#### [Source data]
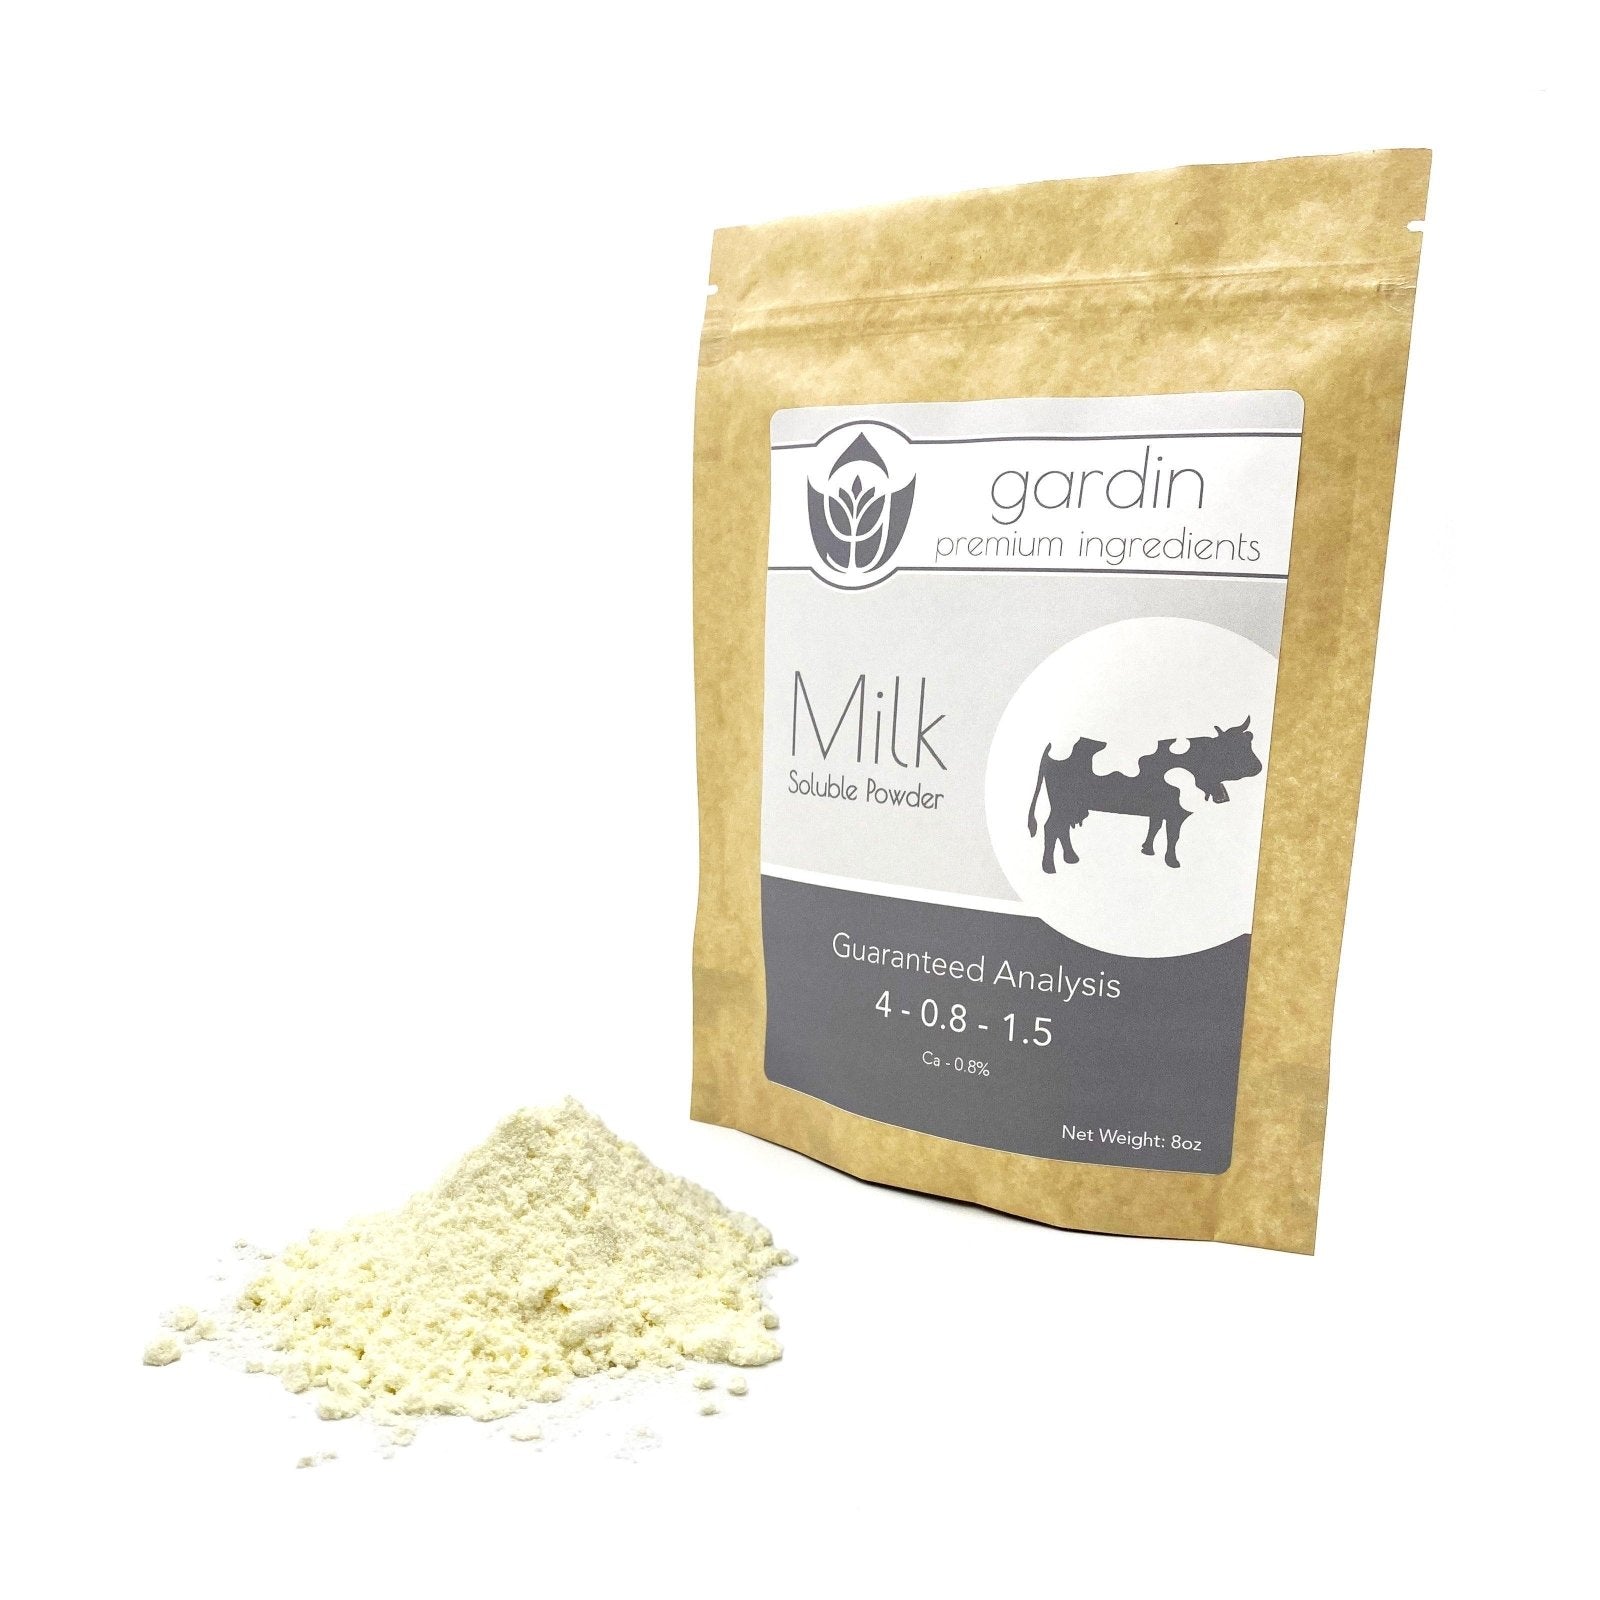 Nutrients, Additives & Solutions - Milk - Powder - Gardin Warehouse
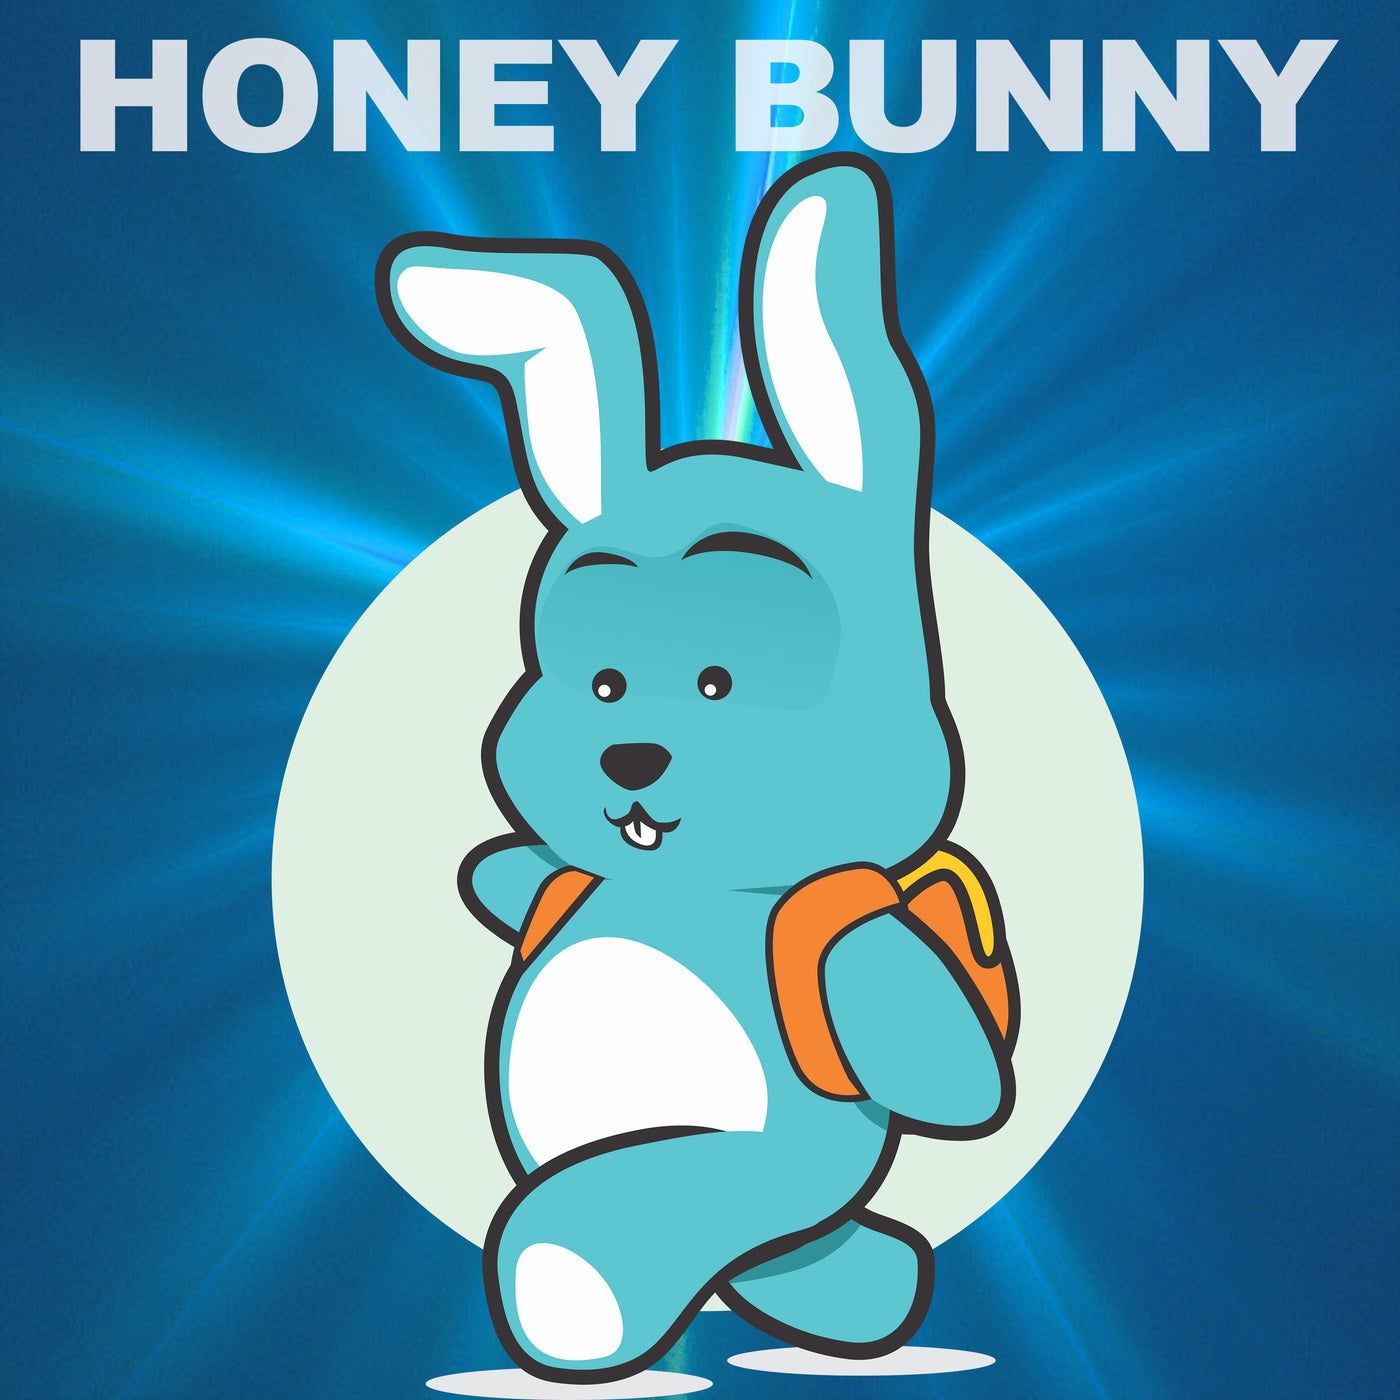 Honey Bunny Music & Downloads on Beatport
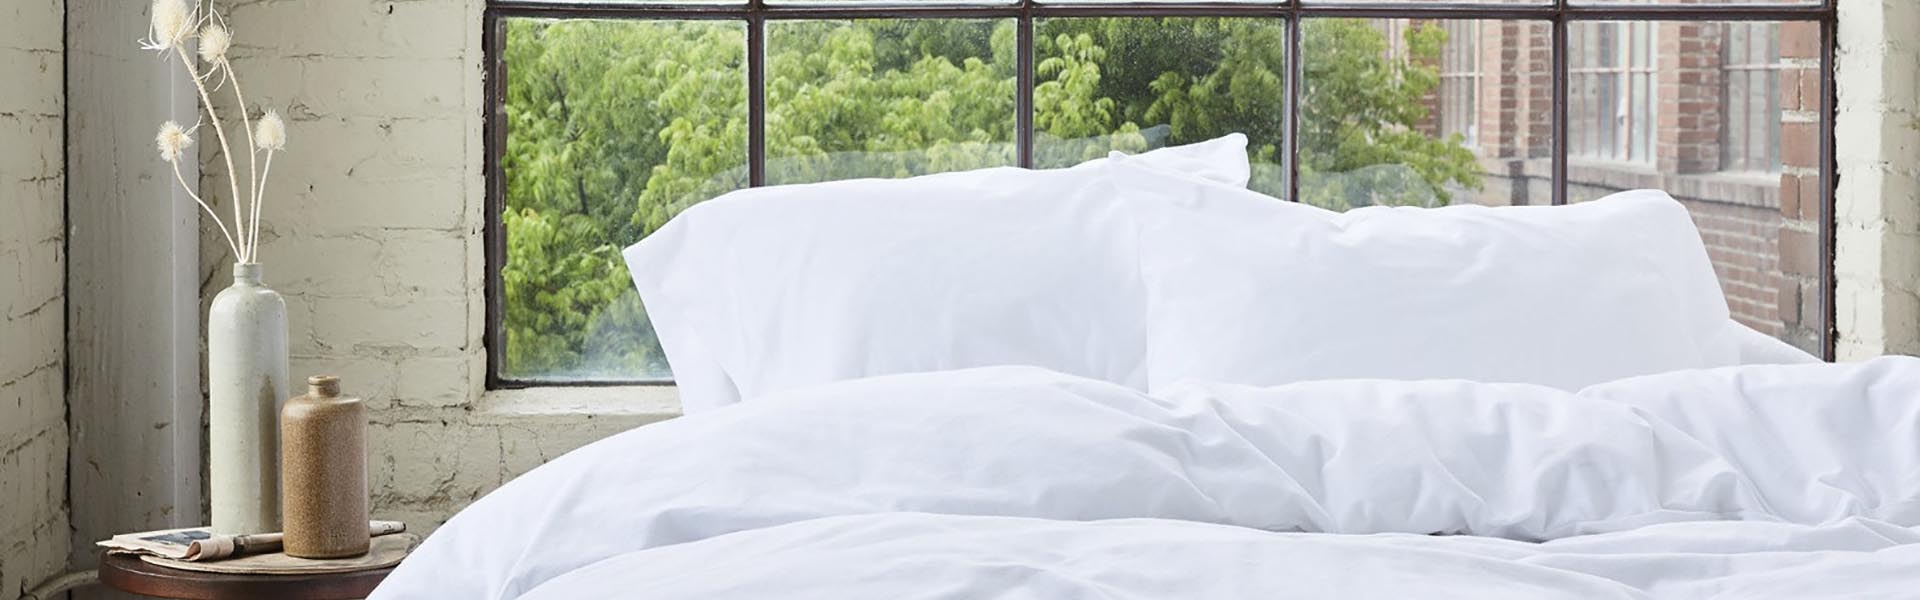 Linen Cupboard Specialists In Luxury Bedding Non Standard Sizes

#### [Problem requirements]
Please set the data above down exactly, with the pictures removed.

#### [Exercise result]
 Nutrients, Additives & Solutions - Milk - Powder - Gardin Warehouse
 Honey Bunny Music & Downloads on Beatport
 Linen Cupboard Specialists In Luxury Bedding Non Standard Sizes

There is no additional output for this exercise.